- Born: Kathleen Kwai Ching Man 1974 (age 51–52) Oahu, Hawaii, U.S.
- Education: Punahou School
- Alma mater: Yale University (BA) University of Iowa (MFA)
- Occupation: Filmmaker
- Years active: 2000–present
- Spouse: Stephen Gyllenhaal ​(m. 2011)​
- Children: 1

= Kathleen Man Gyllenhaal =

American film director (born 1974)

Kathleen Man Gyllenhaal (born Kathleen Kwai Ching Man; 1974) is an American filmmaker from Hawaii.

==Education==
Man Gyllenhaal graduated from Yale University with a Bachelor of Arts in Film studies and received her Master of Fine Arts from the University of Iowa. Man Gyllenhaal was awarded a Fulbright Scholarship in Paris, France where she directed an award-winning short film titled L'Entretien (The Interview). Man Gyllenhaal then served as a professor at Vassar College where she was awarded tenure. While at the college, Man Gyllenhaal directed a short film as a collaboration with her students titled, Walk the Fish.

==Personal life==
Man Gyllenhaal was born on the island of Oahu in Hawaii. There, she attended high school at the Punahou School, graduating in 1992. In July 2011 Gyllenhaal married Stephen Gyllenhaal, a director/producer who is the father of actors Jake and Maggie Gyllenhaal. The ceremony was held on her home island of Oahu. Their son Luke was born in 2014.
The pair have collaborated on projects such as the film Grassroots which starred Jason Biggs and Joel David Moore.

==Career==
Man Gyllenhaal has directed many award-winning shorts including Sita: A Girl From Jambu which explores sex trafficking in Nepal and Lychee Thieves a short film where Man Gyllenhaal represented her native Hawaii. Sita: A Girl From Jambu was used at benefit screenings to raise awareness and funds for the prevention of sex trafficking in Nepal. The film is based on Bichari (Poor) Sita, a play that was written and performed by native girls in rural Nepal. Man Gyllenhaal produced Kind of a Blur which starred Sandra Oh.

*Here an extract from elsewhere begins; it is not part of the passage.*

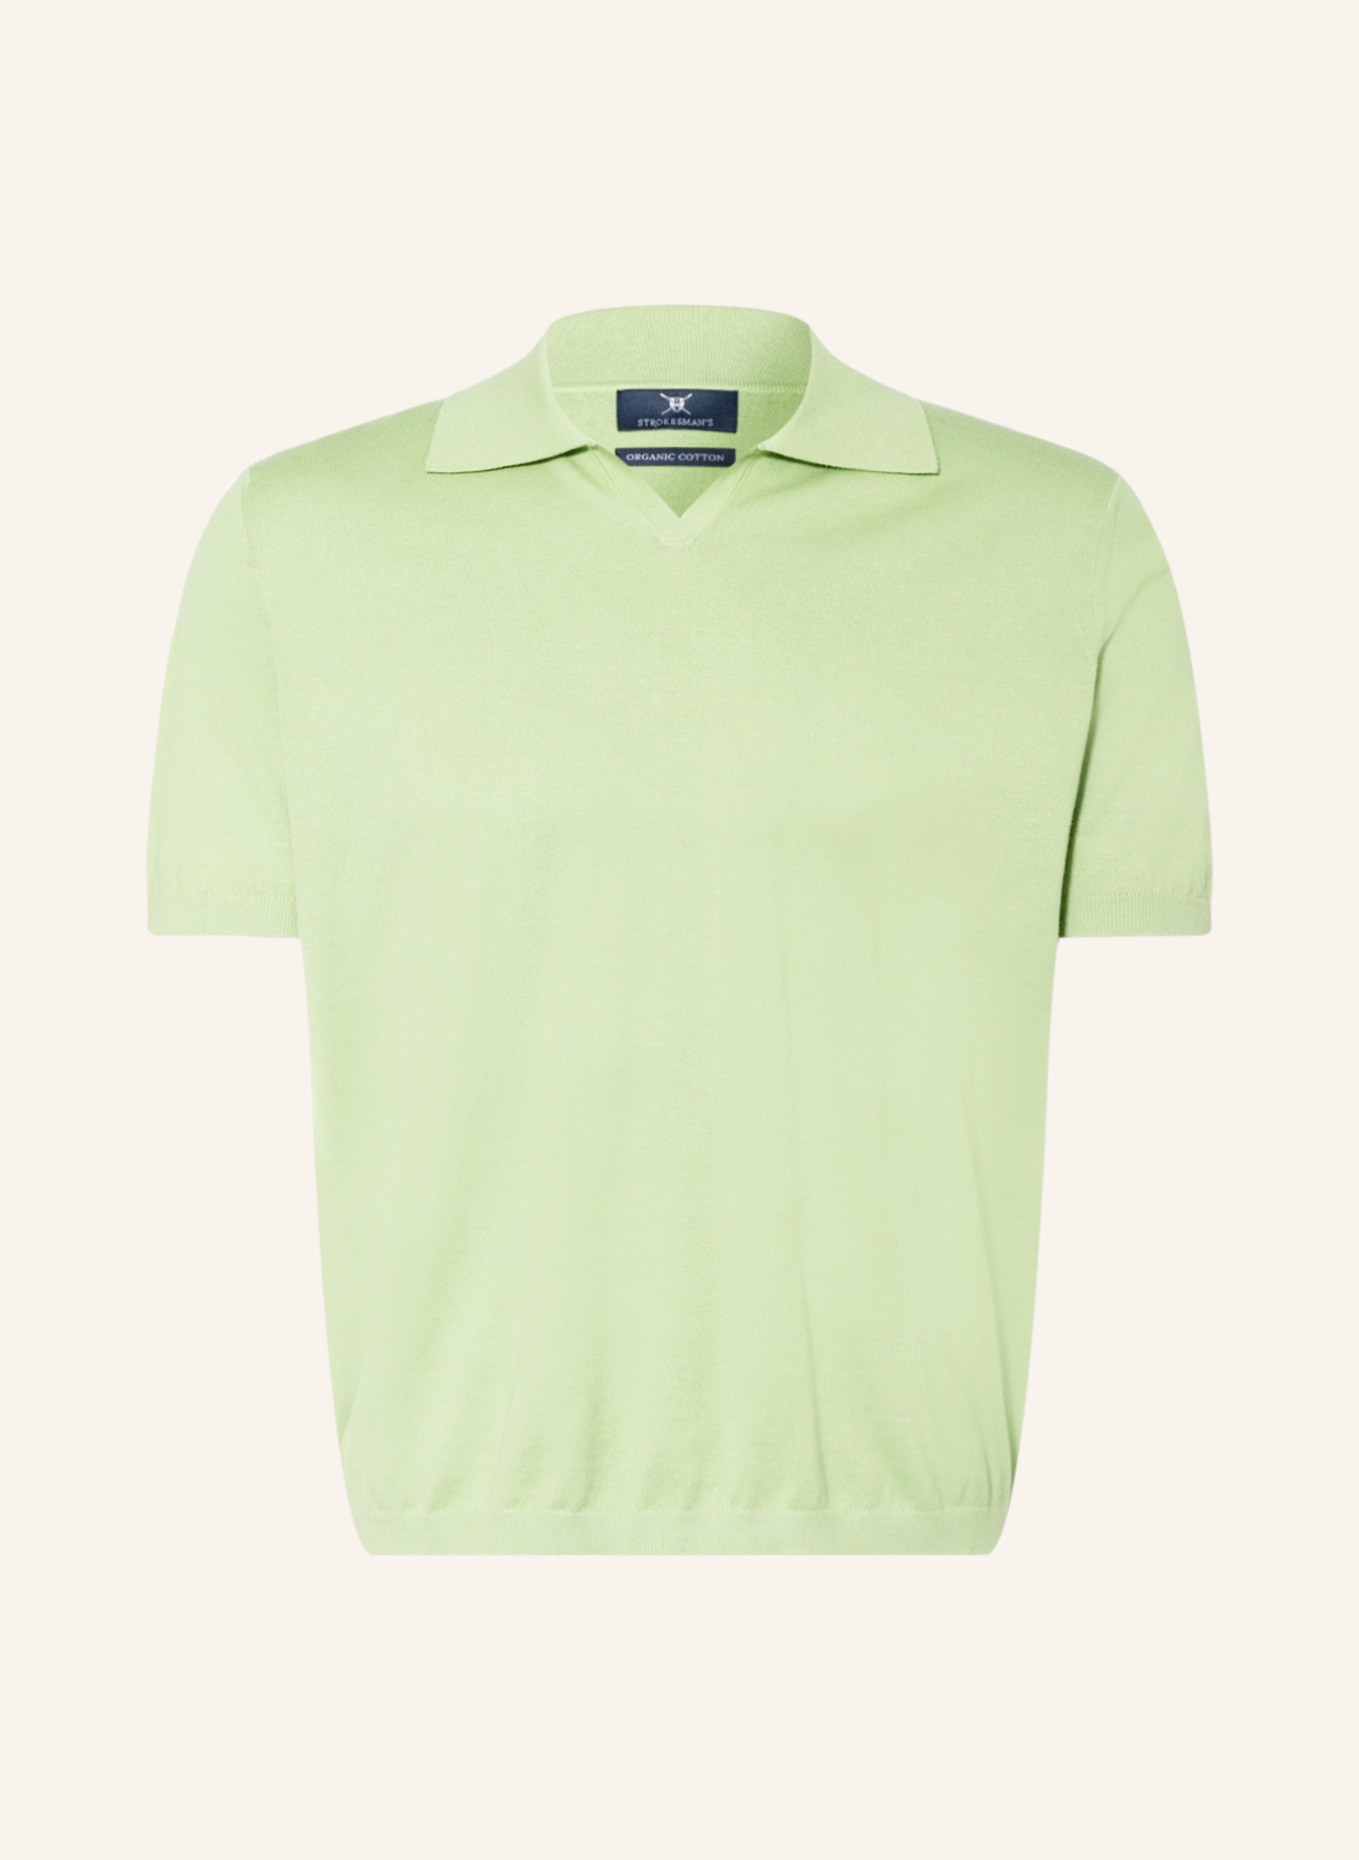 STROKESMAN'S Knitted polo shirt, Color: LIGHT GREEN (Image 1)

Man Gyllenhaal also co-directed the award-winning feature-length documentary, Beauty Mark. The film tells the story of runner, Diane Israel, and her struggle with an eating disorder.

Man Gyllenhaal served as a co-producer of Grassroots and is the producer of Uncharitable, based on the viral TED Talk "The Way We Think About Charity is Dead Wrong" by Dan Pallotta.

Man Gyllenhaal is also the writer/director of In Utero, a feature documentary about prenatal life and its impact on human development, which premiered at the Seattle International Film Festival in 2015 and won a Social Impact Media Award (SIMA) and the Breakthrough Documentary Award at the San Diego International Film Festival. Man Gyllenhaal was pregnant herself during filming.